LIQUIDITY AND CAPITAL RESOURCES

         Renco Steel

         In February 1998, Renco Steel issued $120.0 million 10 7/8% Senior
Secured Notes due 2005 (Senior Secured Notes) which are secured by the stock of
WCI. Interest on the Senior Secured Notes is payable semi- annually in arrears
on February 1, and August 1 of each year.



PAGE 20

         Renco Steel's liquidity requirements result from its debt service
obligations related to the Senior Secured Notes, as well as to a nominal extent
general corporate overhead. Renco Steel has met these requirements through
distributions from WCI, as permitted under the terms of WCI's outstanding
indebtedness and from its cash and its investments, other than in WCI (Other
Investments). Renco Steel had available cash and Other Investment balances of
$2.2 million at April 30, 2001. Renco may also make contributions or advances to
Renco Steel to meet its debt services obligations. Renco, however, has no
obligation to do so. Renco has indicated it intends to support the working
capital needs of Renco Steel in fiscal 2001.

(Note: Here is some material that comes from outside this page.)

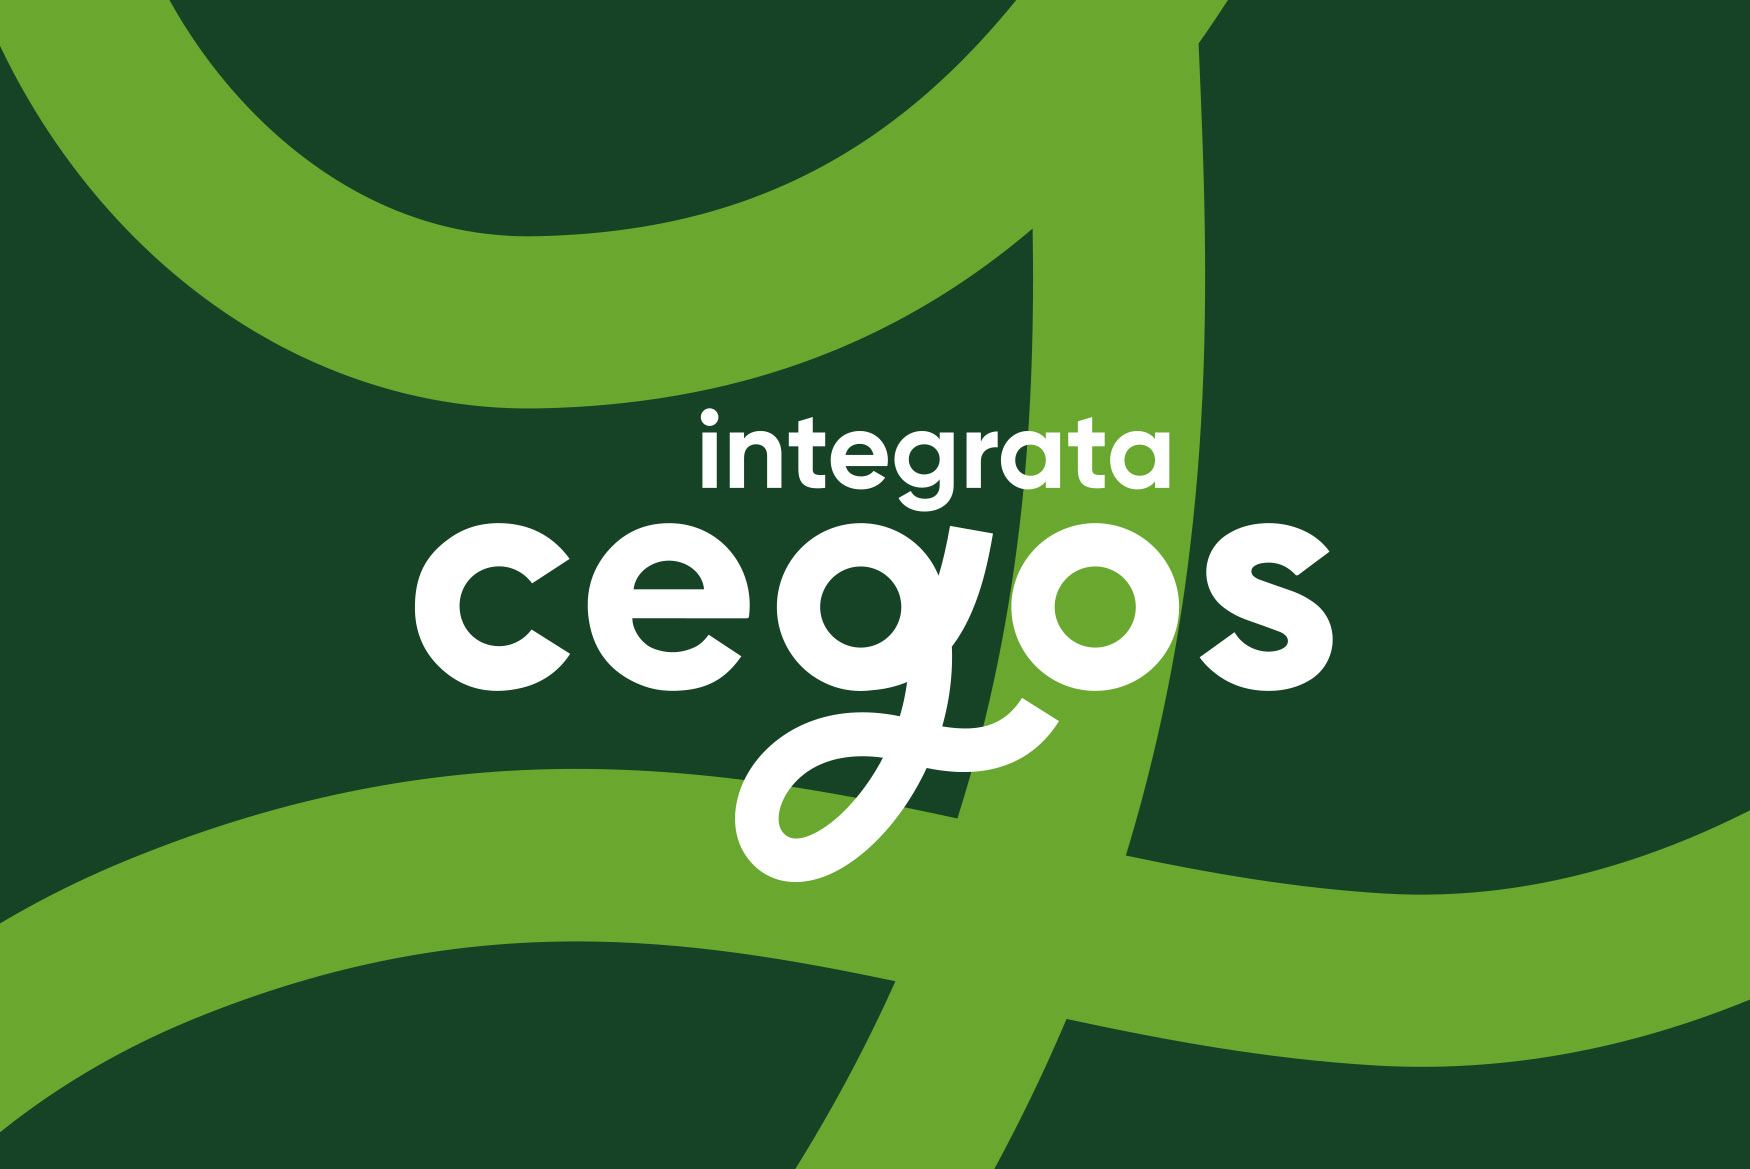 Corporate-Design-1-Cegos-Integrata-Designagentur-Stuttgart-Kreativbetrieb

         The ability of Renco Steel to meet its debt service obligations is
dependent upon WCI's operating performance and financial results and the
performance of Renco Steel's Other Investments. WCI's operating performance and
financial results are subject to financial, economic, political, competitive and
other factors, many of which are beyond the Company's control. In addition,
WCI's ability to pay dividends to Renco Steel is restricted by the terms of the
indenture governing WCI's 10% Senior Secured Notes due 2004 (Senior Secured
Notes of WCI). Pursuant to the indenture, dividends are generally limited to 50%
of WCI's cumulative earnings since October 31, 1996 (Dividend Basket). As of
April 30, 2001, WCI had a negative Dividend Basket of $62.5 million, therefore,
WCI will not be permitted to pay dividends to Renco Steel until its future
earnings exceed such amount. WCI has reported that it expects to incur a loss in
the third quarter of 2001 and such loss would increase the negative Dividend
Basket. As a result, WCI does not expect to pay dividends to Renco Steel in the
foreseeable future. Other than allowable dividends, WCI's assets may not be
utilized by Renco Steel. Renco Steel expects to meet the August 1, 2001 interest
payment on its Senior Secured Notes with available cash, proceeds from the
planned redemption of its Other Investments and an advance from Renco.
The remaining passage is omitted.